Measure Theory – Absolute Continuity

lebesgue-measuremeasure-theoryreal-analysis

A question from my homework:

Suppose $\mu$ is a measure on the real line w.r.t to the Borel $\sigma$-algebra such that $\forall x \in \mathbb{R}$ $\mu(\{x\})=0 $. is $\mu$ necessarily absolutely continuous w.r.t. to the Lebesgue measure?

We say $\mu$ is absolutely continuous w.r.t. to $m$ if for every measurable set $E$ such that $m(E)=0$ than $\mu(E)=0$ also.

I can't see a reason why this should be true, but can't find a good counter example. I tired some variations on the counting measure. Also tried to construct some measures that give positive measure on uncountable sets and zero measure on countable, be these come out non-additive (i.e. not measures).

Would greatly appreciate the help.

Thanks!

Best Answer

No, there are non-atomic measures whose support is a set of measure zero.

These are called singular continuous measures and they are not absolutely continuous with respect to the Lebesgue measure.

For example, the measure corresponding to the devil staircase function has as it's support the Cantor set, but the measure of every point is zero.

Let $F$ be the devil staircase function on the unit interval. Then we can define a Borel measure on the unit interval which is singular with respect to the Lebesgue measure and has no atoms as follows: for $E\subset[0,1]$ set

$$\mu_*(E)=\inf\sum_{j=1}^\infty F(b_j)-F(a_j)\tag{1}$$

where the infimum goes over all coverings of $E$ with intervals $(a_j,b_j)$, $j=1,2,\dots$.

This is the Riemann-Stieltjes outer measure associated to $F$. Go ahead and prove that it really is an outer measure. Then we apply Caratheodory's extension theorem (as in the construction of the Lebesgue measure) to obtain a corresponding Borel measure $\mu$ (such that $\mu_*(E)=\mu(E)$ for measurable $E$).

Note that $\mu((a,b))=F(b)-F(a)$. Since $F$ is continuous, it really follows that $\mu(\{x\})=F(x)-F(x)=0$. On the other hand, the measure is not absolutely continuous, because $\mu(E)=\mu(C\cap E)$ for every measurable $E$, where $C$ is the Cantor set. Since $\lambda(C)=0$ ($\lambda$ being the Lebesgue measure) we see that $\mu$ is singular with respect to the Lebesgue measure.

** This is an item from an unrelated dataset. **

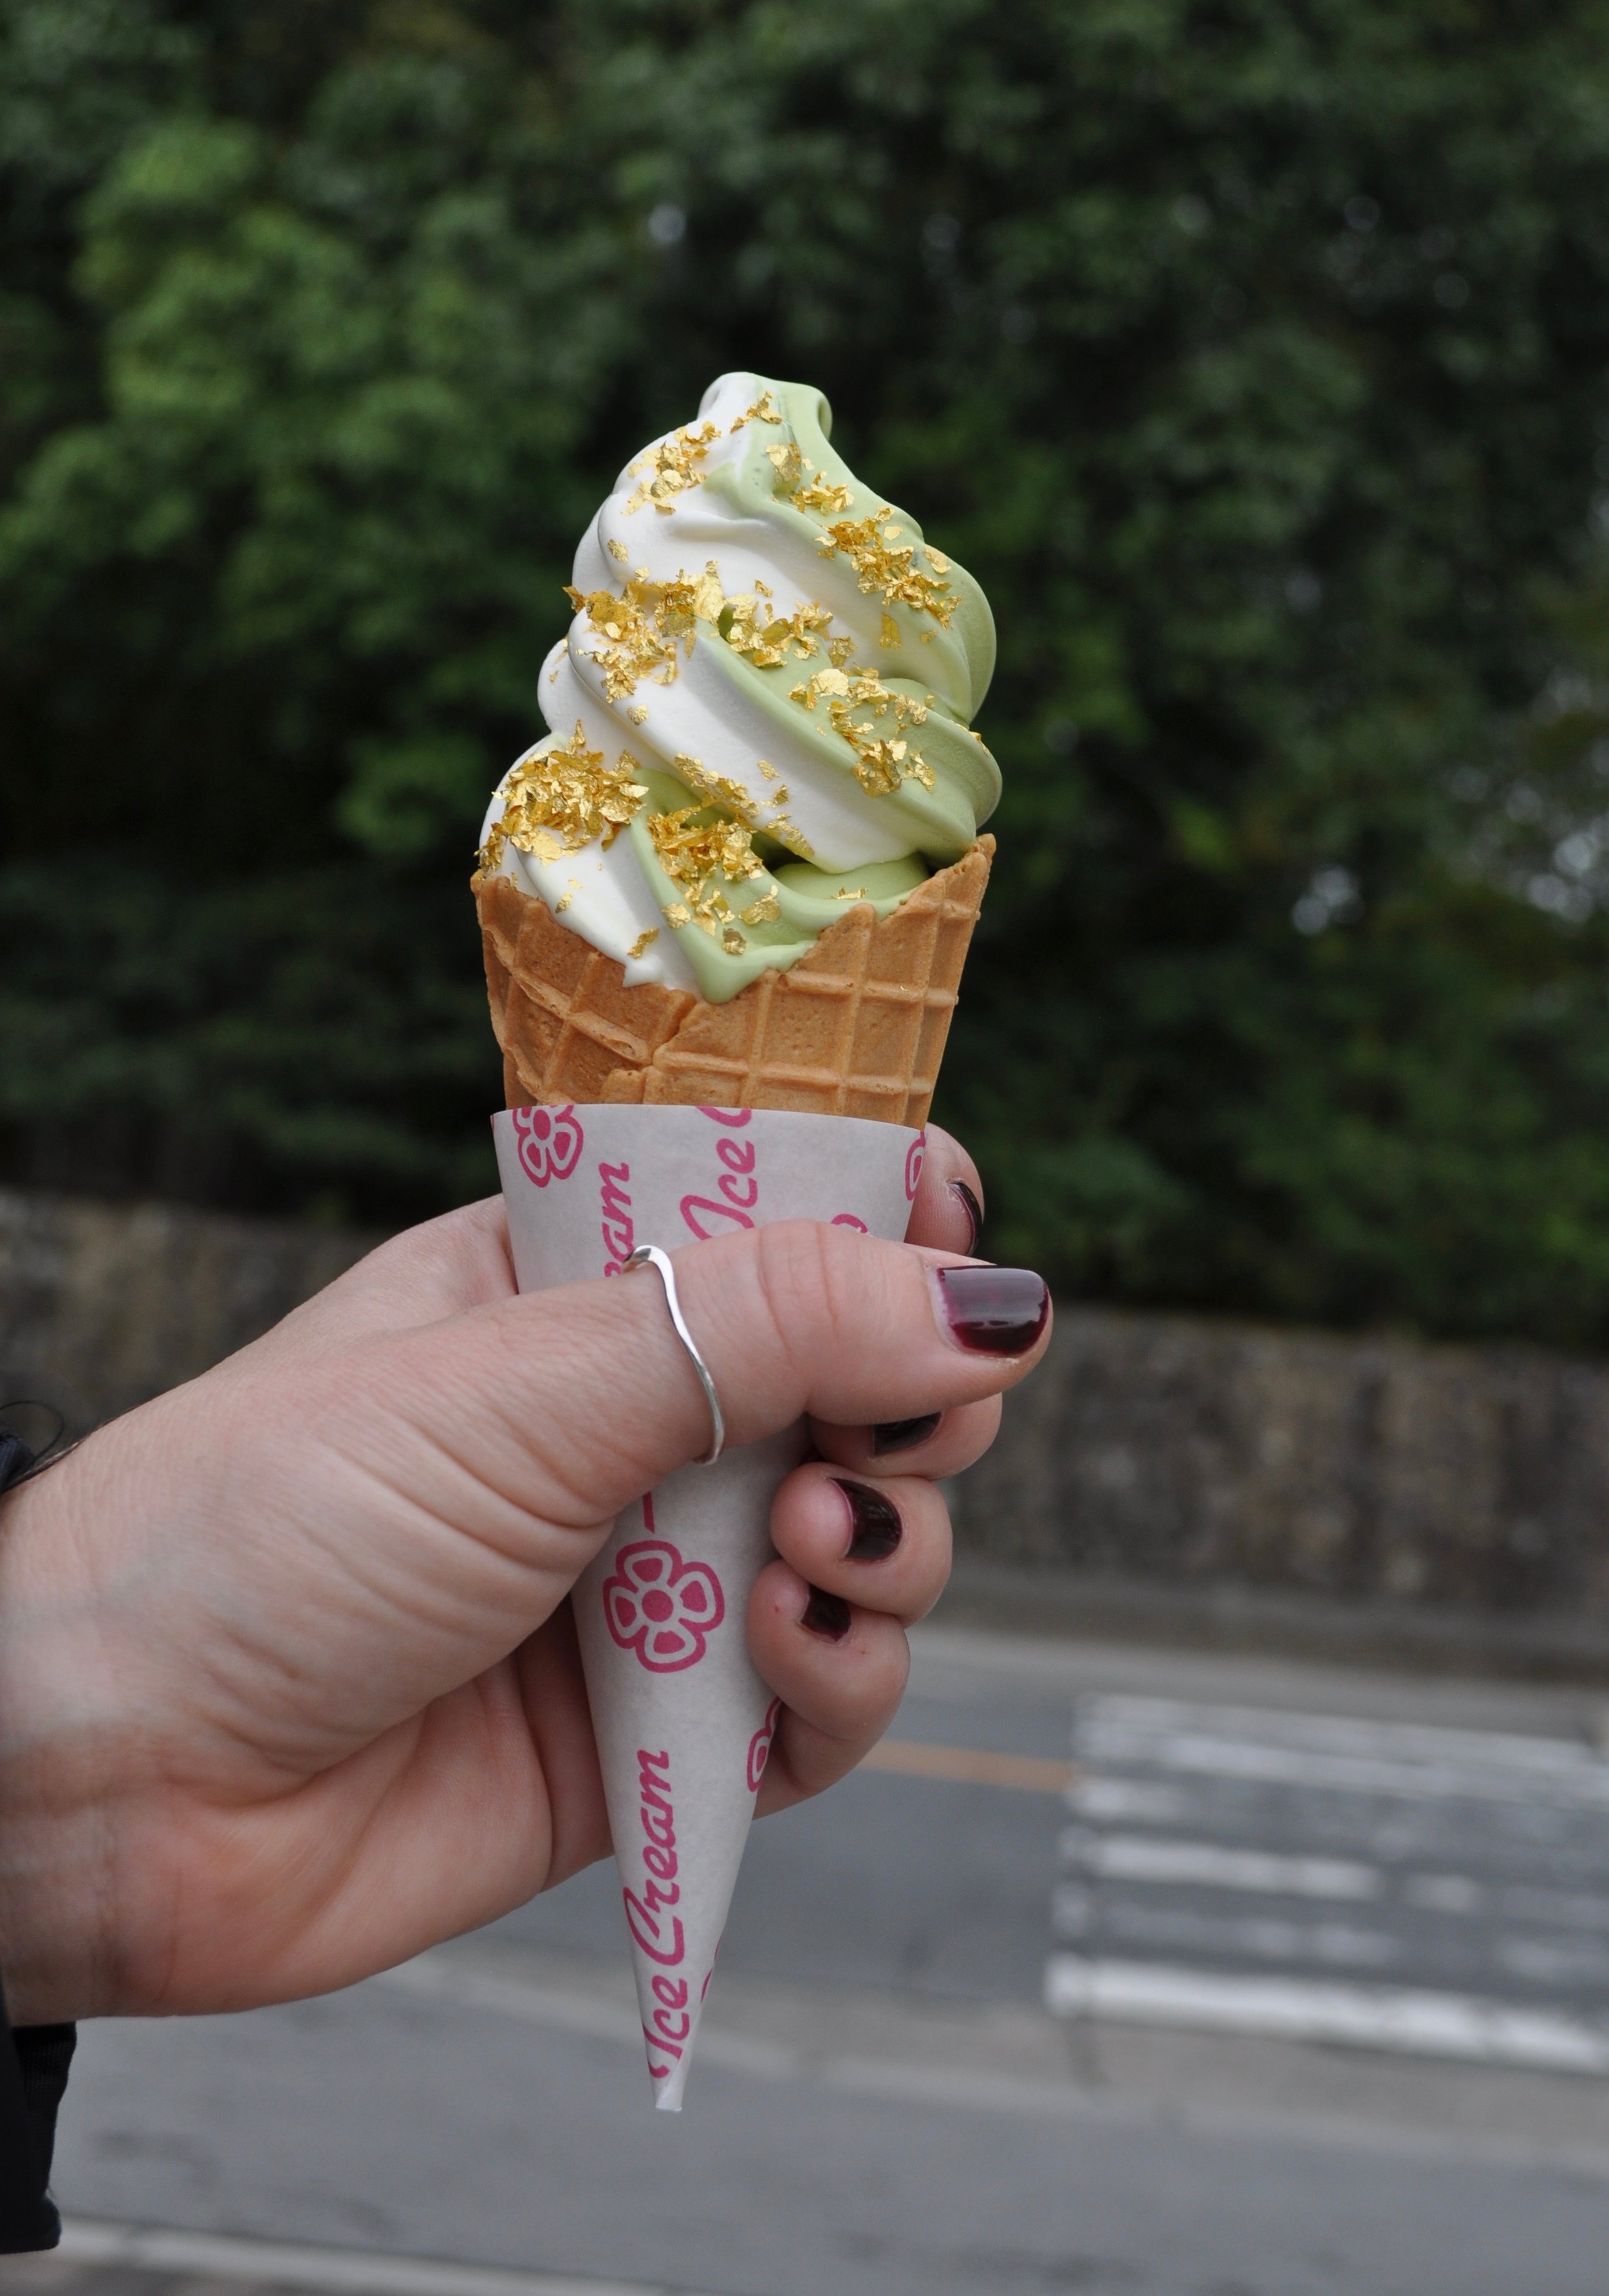 Green tea and vanilla swirl cone

Since you wanted a measure on the real line just extend this measure on the unit interval by $0$ outside of $[0,1]$.

This construction works with any increasing function and it provides (after proper normalization) a 1:1 correspondence between increasing function and positive Borel measures (see Stein, Shakarchi Real Analysis).

Note:

Every positive Borel measure $\mu$ (say on the unit interval, it also works on $\mathbb{R}$ but there you need $\sigma$-finiteness as additional assumption) can be uniquely decomposed as

$$\mu=\mu_a+\mu_{sc}+\mu_{pp}$$

where $\mu_a$ is absolutely continuous, $\mu_{sc}$ is a singular continuous measure (i.e. singular and no atoms) and $\mu_{pp}$ is a pure point measure, i.e. the support consists entirely of atoms (all with respect to Lebesgue measure, but also other measures can be used).

Look up the Radon-Nikodym theorem in Rudin's Real and Complex Analysis for a reference.